His father, Harry Donnelly Mulcair, had 10 children at the time he was laid off, with eight still at home.
The family was forced to sell its house in Chomedy, north of Montreal, and move into a cottage in the Laurentians, while Mulcair's mother, Jeanne, returned to work.
Mulcair said those tough times in a modest cottage were a struggle for his parents — and especially his dad — a memory Mulcair says he still carries with him today.
"It was very tough on him, he was a very proud dad and breadwinner," Mulcair said.
"I saw what it was like for the head of a family at the time, it was almost always the dad, to lose the livelihood of the family and to struggle, because like most families, especially with a large number of kids, there was no extra money."
The layoff also had an effect on Mulcair, even though he was not living at home, when he had to find a way to pay for school without the support of his parents.
Because his father had previously been employed, Mulcair was also ineligible for student loans.
"I really had to decide whether I was going to stick this out. I had worked in construction during the summer, tarring roofs in Montreal, and I had some money, but not enough to get by."
Mulcair managed to make it work, borrowing cash for books from his elder sister, Colleen.
The repercussions of that time on his family, though, were significant, and Mulcair said it led him to believe government cannot be the preserve of the wealthy and privileged.
"You can lift yourself up from that, but I think we also need people in government who understand, from having lived it, what it is to be middle class, and frankly, at that stage well below middle class."
That comment could be taken as a slight against Liberal Leader Justin Trudeau, who is the son of a former prime minister.
But by the time Mulcair was a minister in the Quebec Liberal government of Jean Charest, his approach to politics had shifted.
It was a drift that was corrected sharply in 2004 when Mulcair's political mentor Claude Ryan was on his deathbed. Ryan is an important figure in Quebec politics who clashed both with separatists and the federalist politician Pierre Trudeau.
Mulcair said Ryan was a dyed-in-the-wool social democrat, who, as he was coming to the end of his life, gently rebuked Mulcair for drifting from the political values he learned as a young man.
"[Ryan] was not very happy with what the Charest government had been doing on the social side of things, and he told me so in so many words, and he said, 'Never forget the only reason we go into politics is to be able to help people,'" Mulcair recalled Thursday in an interview in Alma, Que.

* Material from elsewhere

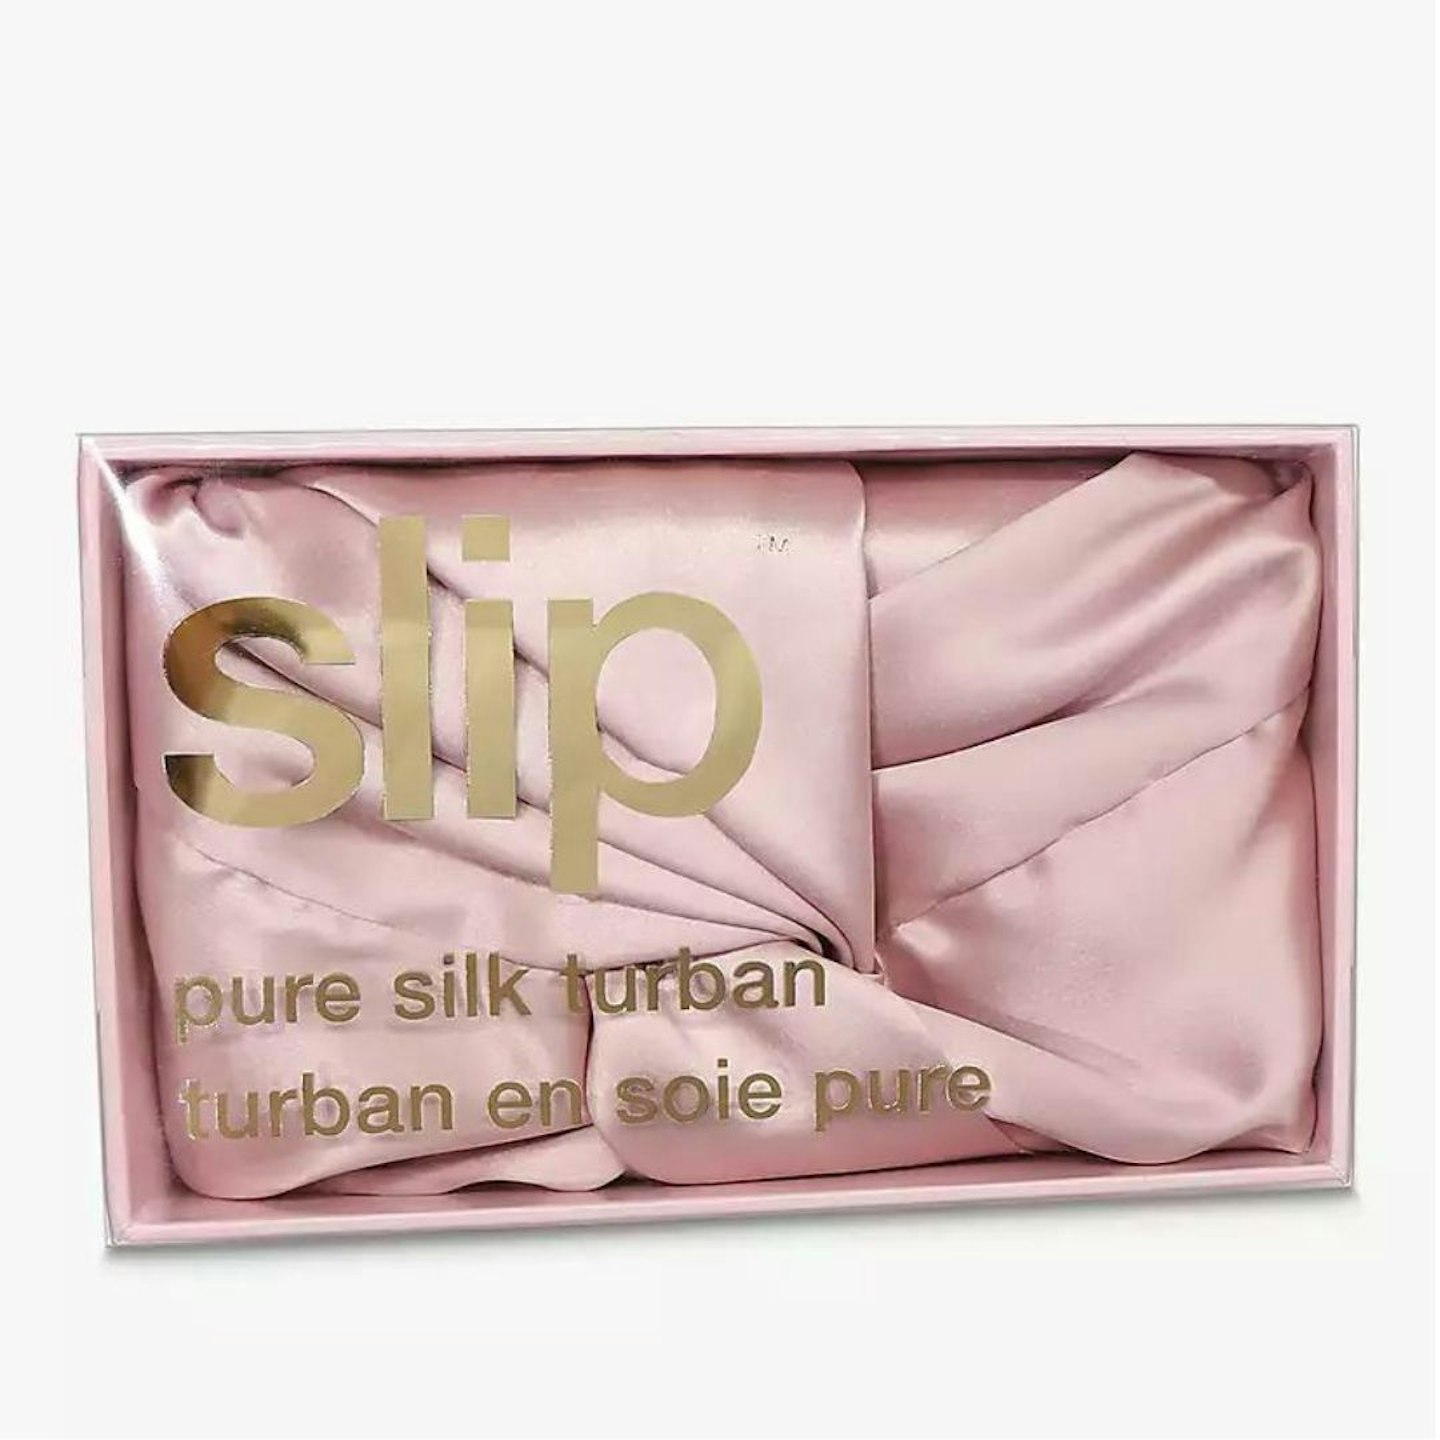 SlipPure Silk Turban

"And that was a bit of a slap in the face, but in the nicest Claude Ryan type of way, which was, 'Don't forget why you are here.'"

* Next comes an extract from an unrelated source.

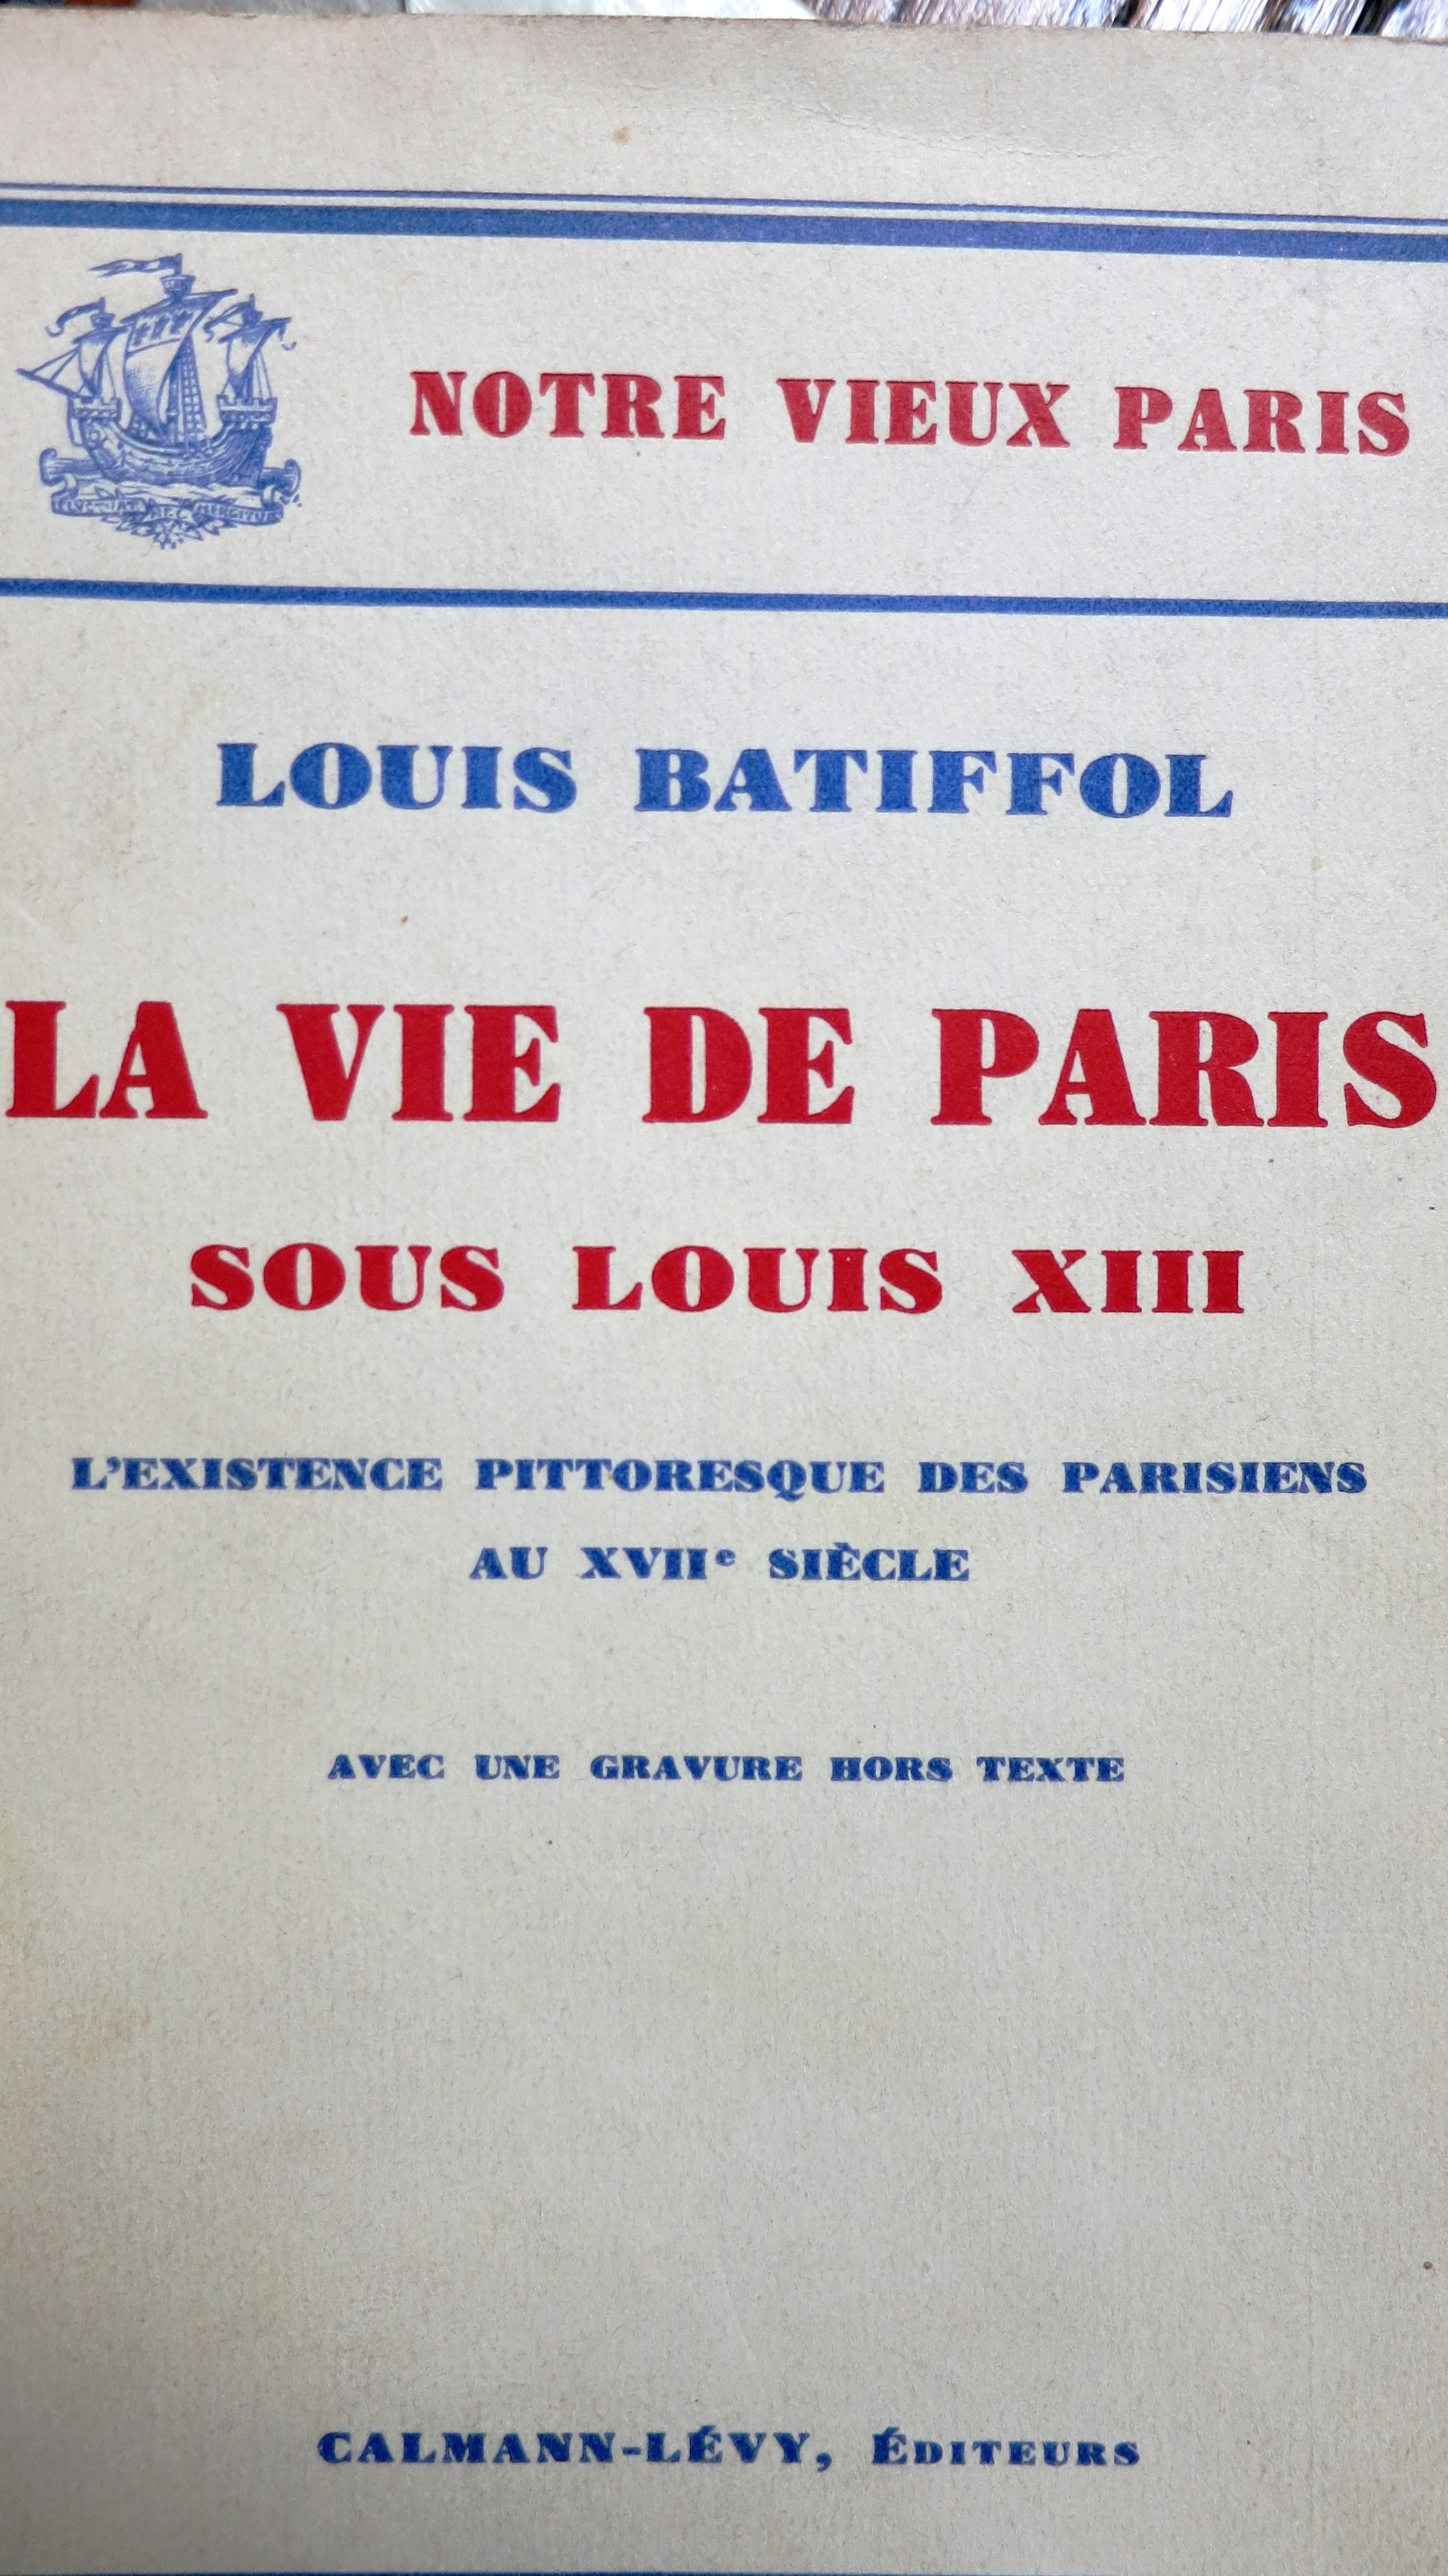 Notre vieux Paris. La vie de Paris sous Louis XIII

Mulcair left provincial politics in 2007, and after exploring options with all federal parties, settled on running for the NDP.
He has been accused of dragging the party toward the middle and away from its left-wing, activist roots.

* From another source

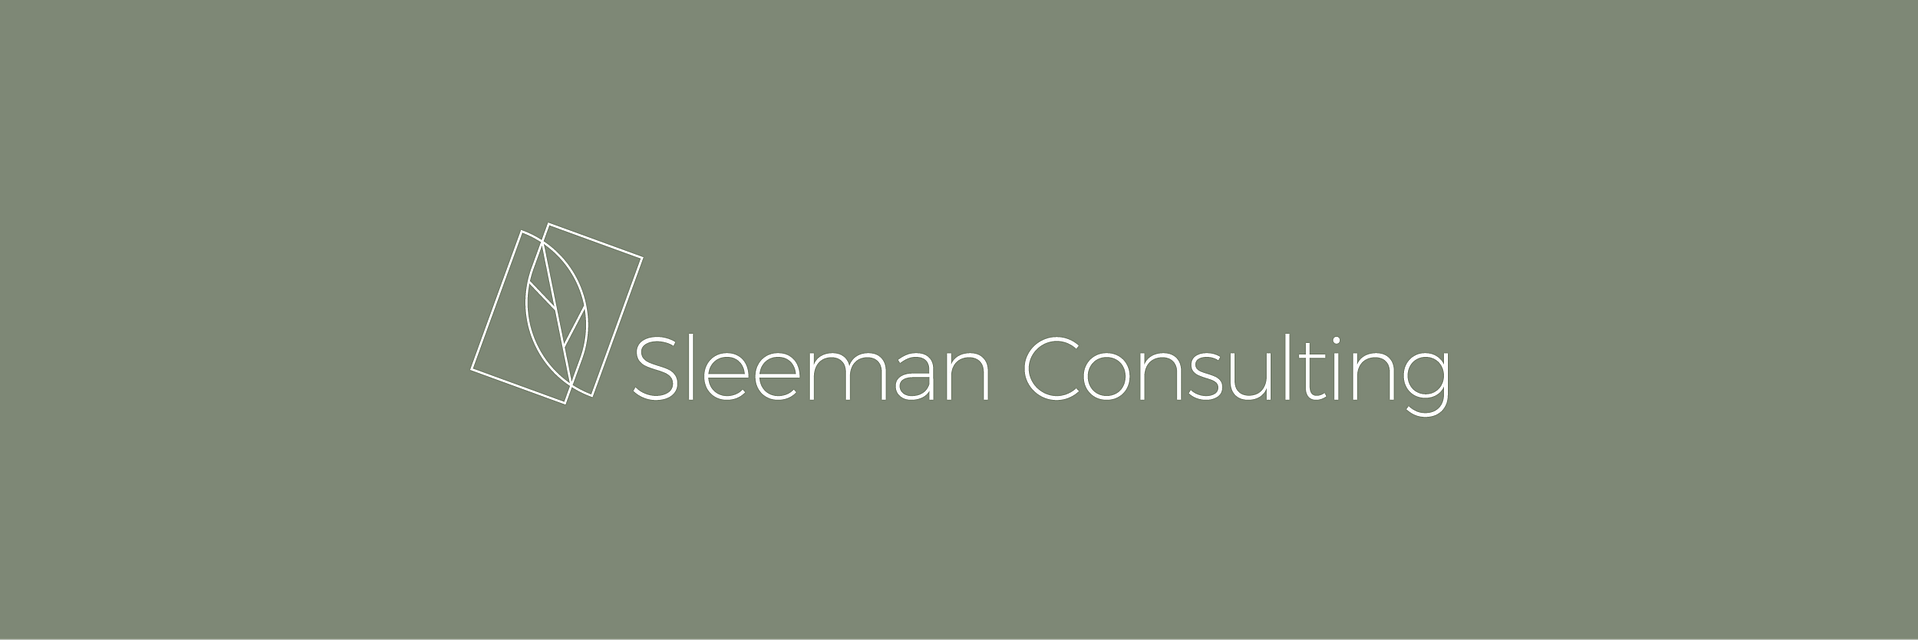 Logo redesign van Sleeman Consulting

But Mulcair maintains he has strong social democrat credentials, forged through the experience of his early life.
"I think what it has given me is a sense of what families go through when we talk about lost jobs, and the types of jobs being created today, which are not enough for a family to live on," Mulcair said.
"For me this hits right home. I have lived it, and I think of it, and I want people to have a job that a family can live on. That's what I want to get us back to in Canada, not these precarious low-paid part-time jobs that we've got now."